BRICS
Dans les années 2000, l’acronyme BRIC désignait le groupe de pays émergents constitué du Brésil, de la Russie, de l’Inde, de la Chine, dans une acception strictement économique et financière. Ces pays ont progressivement cherché à présenter une certaine unité pour défendre des intérêts communs et s’inscrire dans une logique de gouvernance internationale différente de celle promue par l’Occident. Ainsi, depuis 2009, un sommet des BRIC – devenus BRICS en 2011, lorsque le groupe s’est élargi à l’Afrique du Sud – est organisé chaque année : il réunit les chefs d’État de ces pays et a pu aboutir à quelques réalisations concrètes. En 2024, le 16e Sommet a accueilli quatre nouveaux États membres (Égypte, Émirats arabes unis, Éthiopie, Iran), se montrant très ouvert vis-à-vis des divers partenaires. Néanmoins, l’unité, la coopération et les réalisations de ce qu’on appelle désormais les BRICS+ – groupe auquel l’Indonésie a formellement adhéré en janvier 2025, portant le nombre des pays membres à 10 – sont encore à relativiser.

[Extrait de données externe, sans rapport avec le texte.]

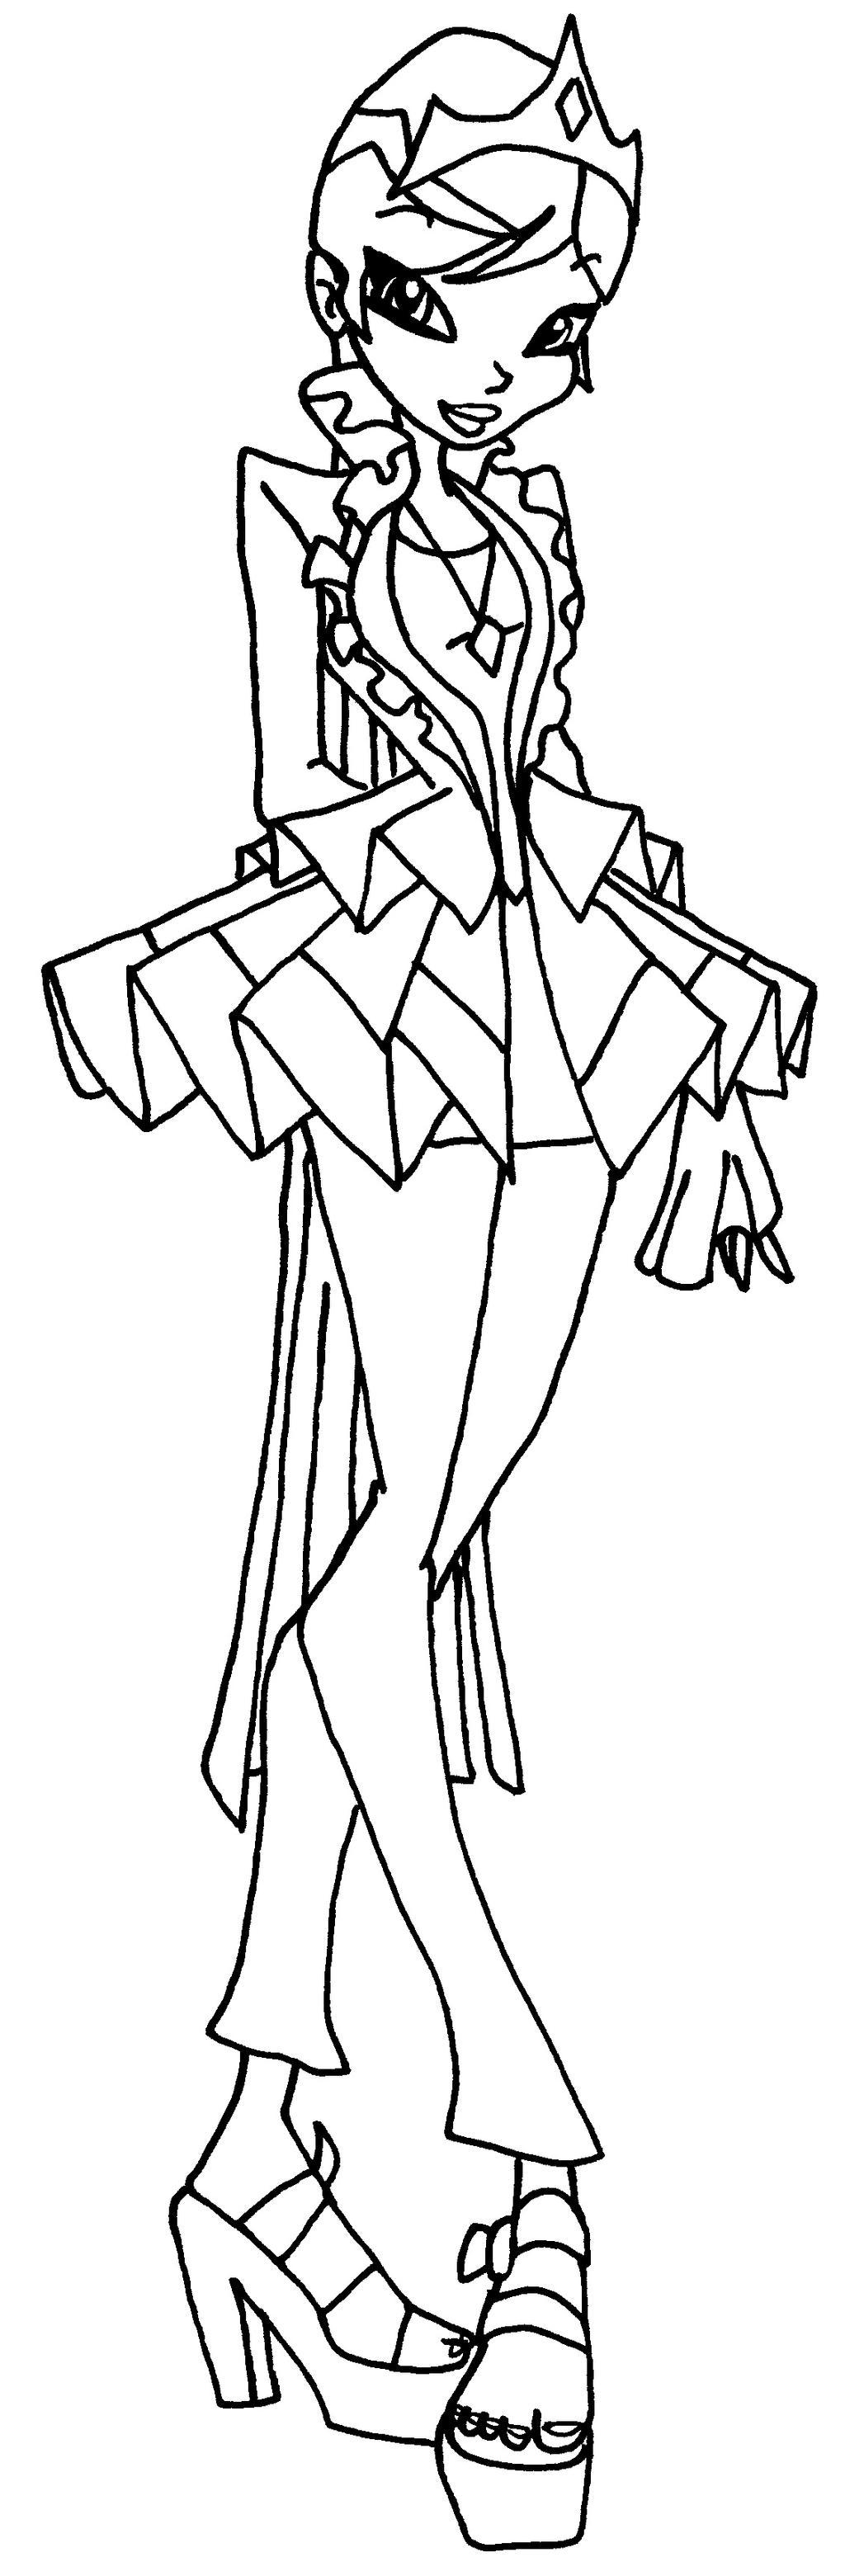 Winx princess coloring pages - Princess Galatea By Elfkena Princess Galatea By Elfkena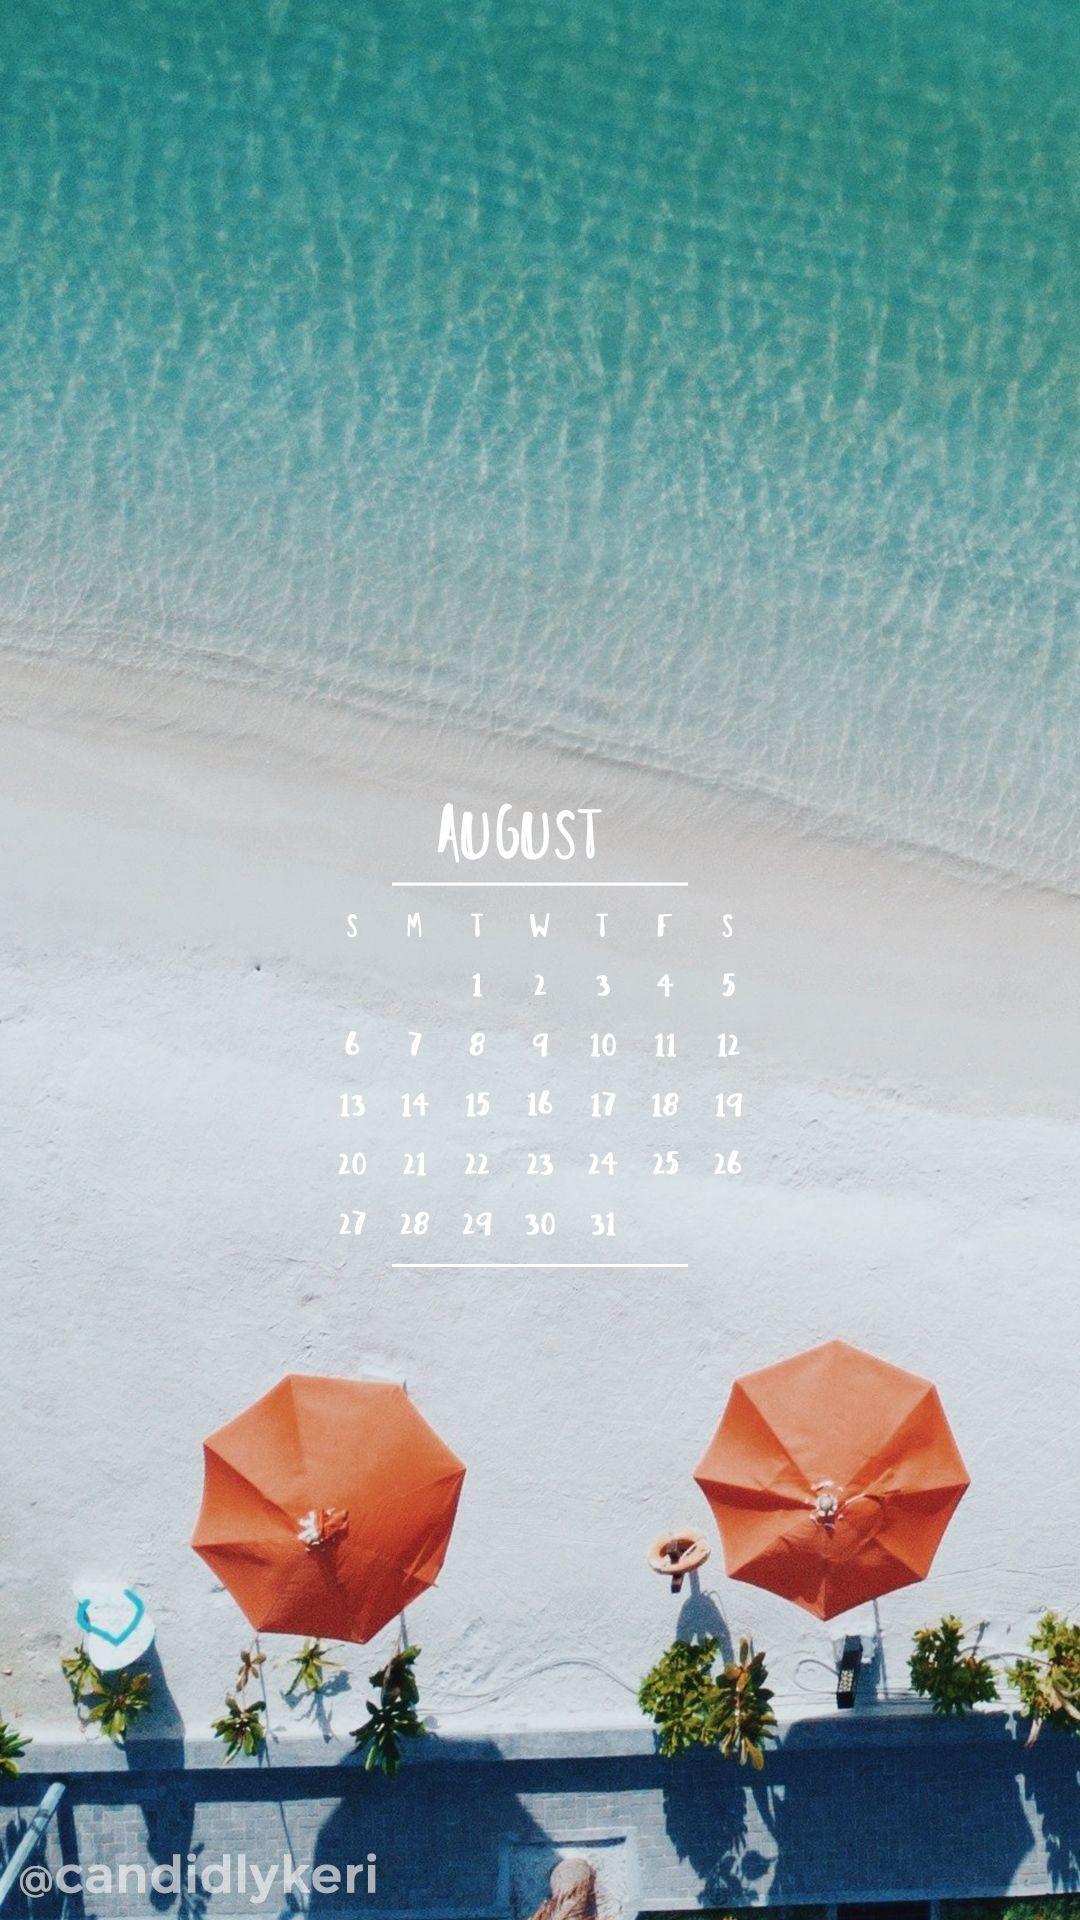 Beach Fun Oragne Umbrella August Calendar 2017 Wallpaper You Can Download  On The Blog! For

Un acronyme ancien attestant progressivement d’une union relative
L’origine du terme BRIC est due à Jim O’Neill, ancien chef économiste de la banque d’affaires Goldman Sachs. Dans un article remarqué, publié en 2001, « Building better global economic BRICs », l’analyste britannique attirait l’attention sur les opportunités financières offertes par la croissance des économies du Brésil, de la Russie, de l’Inde et de la Chine. En 2040, prédisait-il, le PIB cumulé de ces pays, qui représentaient à l’époque 16 % de la production mondiale et près d’un tiers de la population de planète, dépasserait celui des six premières puissances industrialisées du début du xxie siècle, remodelant ainsi profondément les rapports de force économiques mondiaux.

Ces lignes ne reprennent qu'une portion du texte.